Hmmmm silver IS more conductive, but isnt gold even more conductive?

The speed of sound, in the wire means nada, zip, nowt, nihil, nichivo, namowiyak. The speed of the ELECTRON wave front, in both metals, remains the same: nearly the speed of light. When you rebuilt with silver, you probably recentered the voice coil more perfectly, the tolerances, within that voice coil space, are so tight, its almost impossible to get it restored to the original alignment. Also, silver MAY be a touch lighter than copper.

Question: did you use the same diameter wire, in the copper coil, as the silver? Did you use a wire guage (Im being the doubting scientist here..... Im just trying to give you a hard time.)

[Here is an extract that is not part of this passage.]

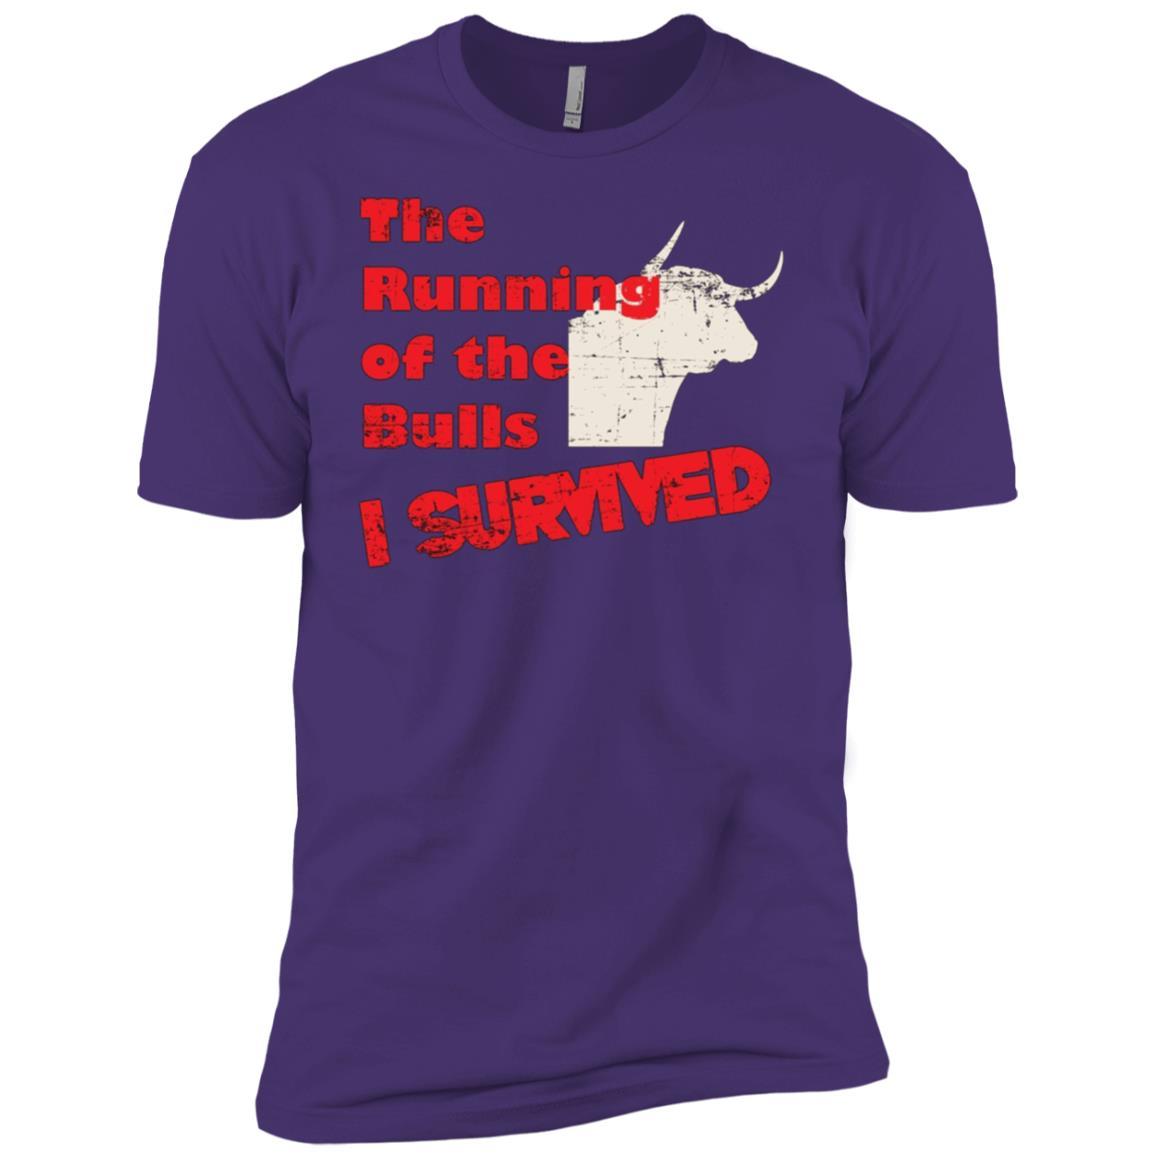 The Running of the Bulls Men Short Sleeve T-Shirt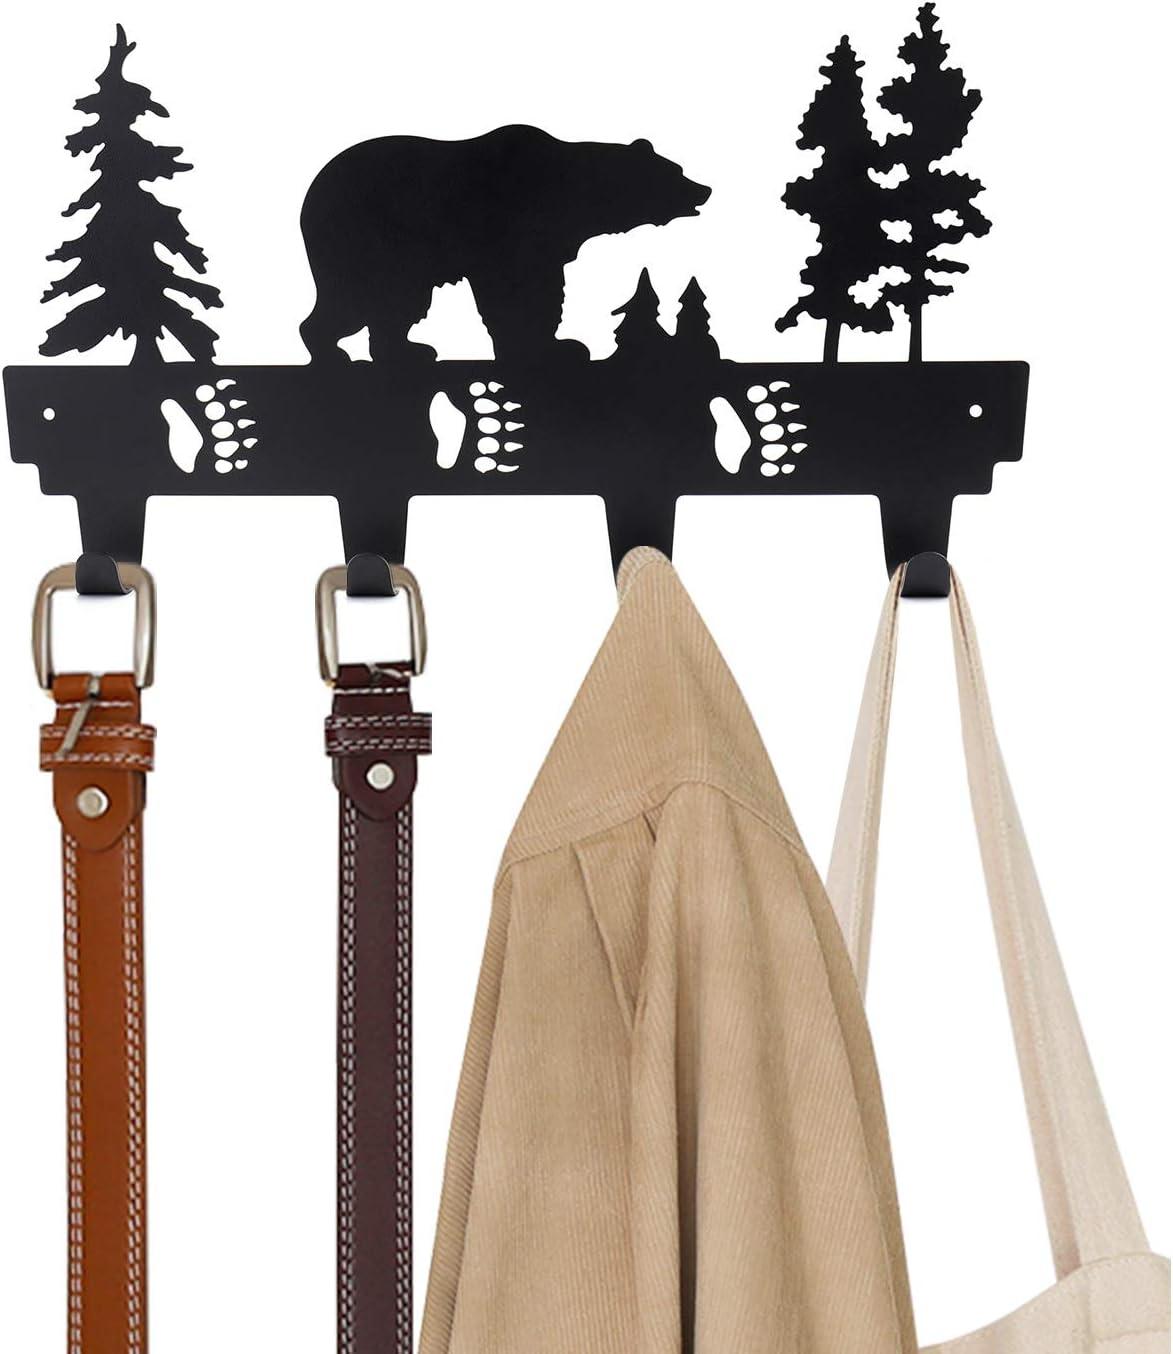 Suwimut Coat Hooks Wall Mounted, Metal Hook Hanger Rack for Bathrooms Door Hanging Key, Robe, Bag, Hats, Bear Pattern, 4 Hooks, Black

A speaker coil, whether 4 ohms or 8 ohms or even 16 ohms is generally the dc resistance of the coil, so a copper re-winding would be above the proper impedance and would not match correctly, and the mis-match would reflect into the PA. A speaker designed for a copper winding can be just as good as one of silver. Its all hype.

Can you get insulated silver wire?

Detector coils are not made for high current (except P.I.) so there would not be an advantage.

Its an interesting idea to apply to P.I, though.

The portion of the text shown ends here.